Fourth, it creates an evidentiary record. In the event of regulatory inquiry or litigation, the organization must be able to demonstrate when a template was created, under what authority, how long it was retained, and when it was deleted. Absent detailed logs and system-enforced controls, such representations are difficult to substantiate.
For procurement teams evaluating DAM vendors, the absence of these capabilities should be viewed as a material compliance gap rather than a feature omission.
Portraiteer as Consent-Centric Infrastructure
Portraiteer’s architecture is designed around the premise that biometric processing in event photography must be consent-governed from inception.
Rather than treating consent as an external form stored in a CRM or ticketing platform, Portraiteer integrates consent capture and template management. Clustering can occur without immediate identity enrollment. Name assignment is conditioned on the presence of a valid consent record. Revocation triggers system-level enforcement. Audit logs document each stage of the lifecycle.
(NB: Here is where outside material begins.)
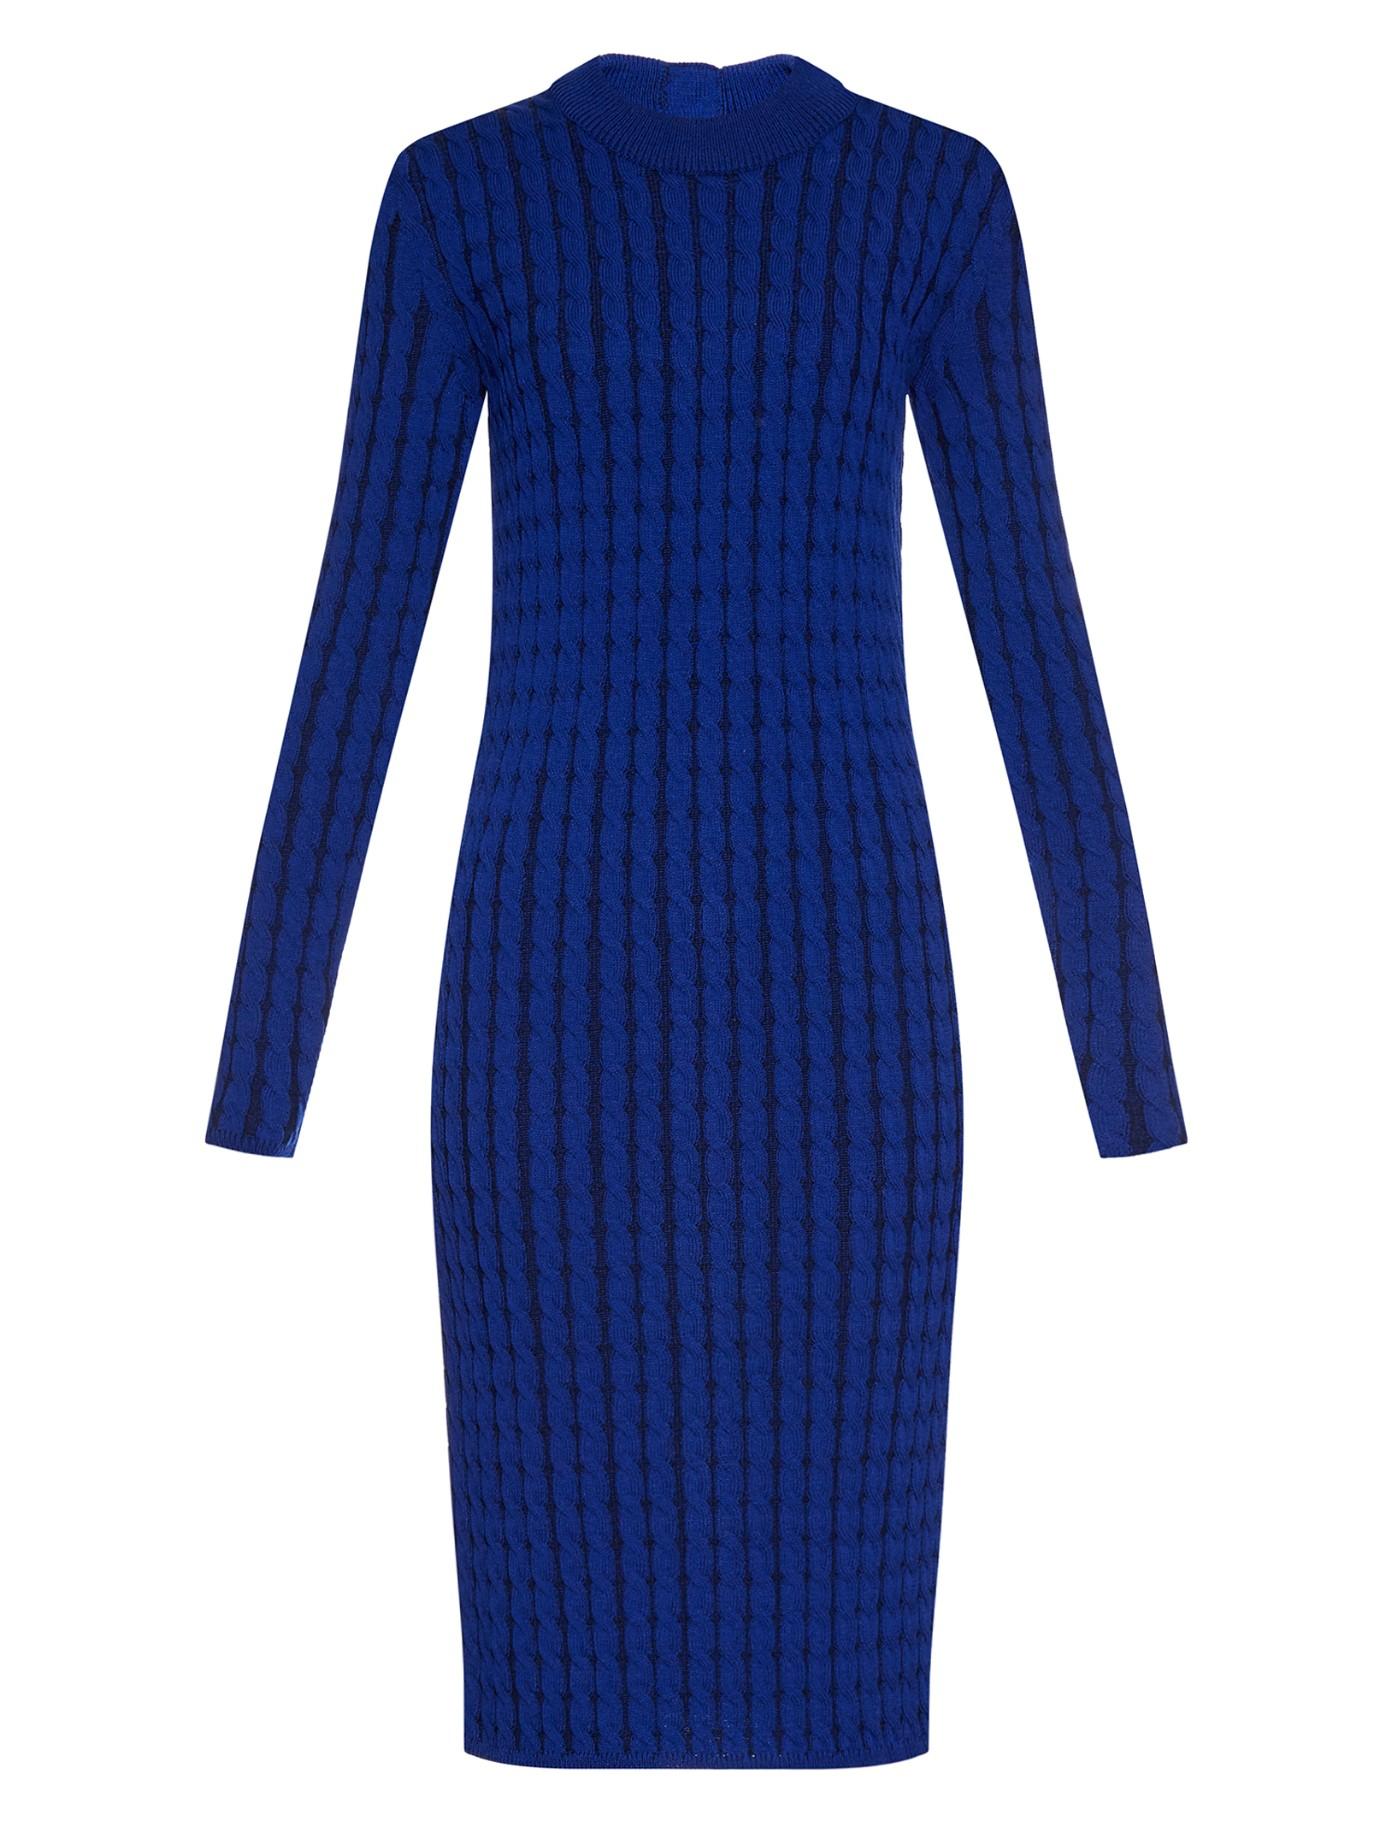 Proenza schouler Cable-knit Wool-blend Dress in Blue Lyst

This approach aligns operational efficiency with statutory requirements. Marketing teams retain rapid access to relevant images. Development teams can locate stakeholder appearances. Event organizers can provide curated galleries. At the same time, the system produces a defensible record demonstrating that biometric identifiers were processed pursuant to explicit authorization and in accordance with defined retention policies.
Compliance for the Next Generation of DAM
AI-enabled face tagging is not inherently unlawful, nor is it incompatible with teams hoping to use it to optimize event photo workflows. The critical issue is governance design.
A DAM platform that performs biometric identification without an auditable consent layer effectively converts a media library into an unmanaged biometric database. Conversely, a platform such as Portraiteer's that integrates consent binding, revocation controls, retention automation, and audit logging transforms biometric processing into a controlled, transparent function aligned with modern privacy expectations.
For organizations operating in multiple jurisdictions and managing thousands of event images annually, that distinction is no longer theoretical. It is central to operational resilience, insurability, and long-term solvency.
In the current enforcement climate, the defensible position is not that face tagging is internal, convenient, or industry-standard. The defensible position is that it is lawful, consent-based, and demonstrably governed.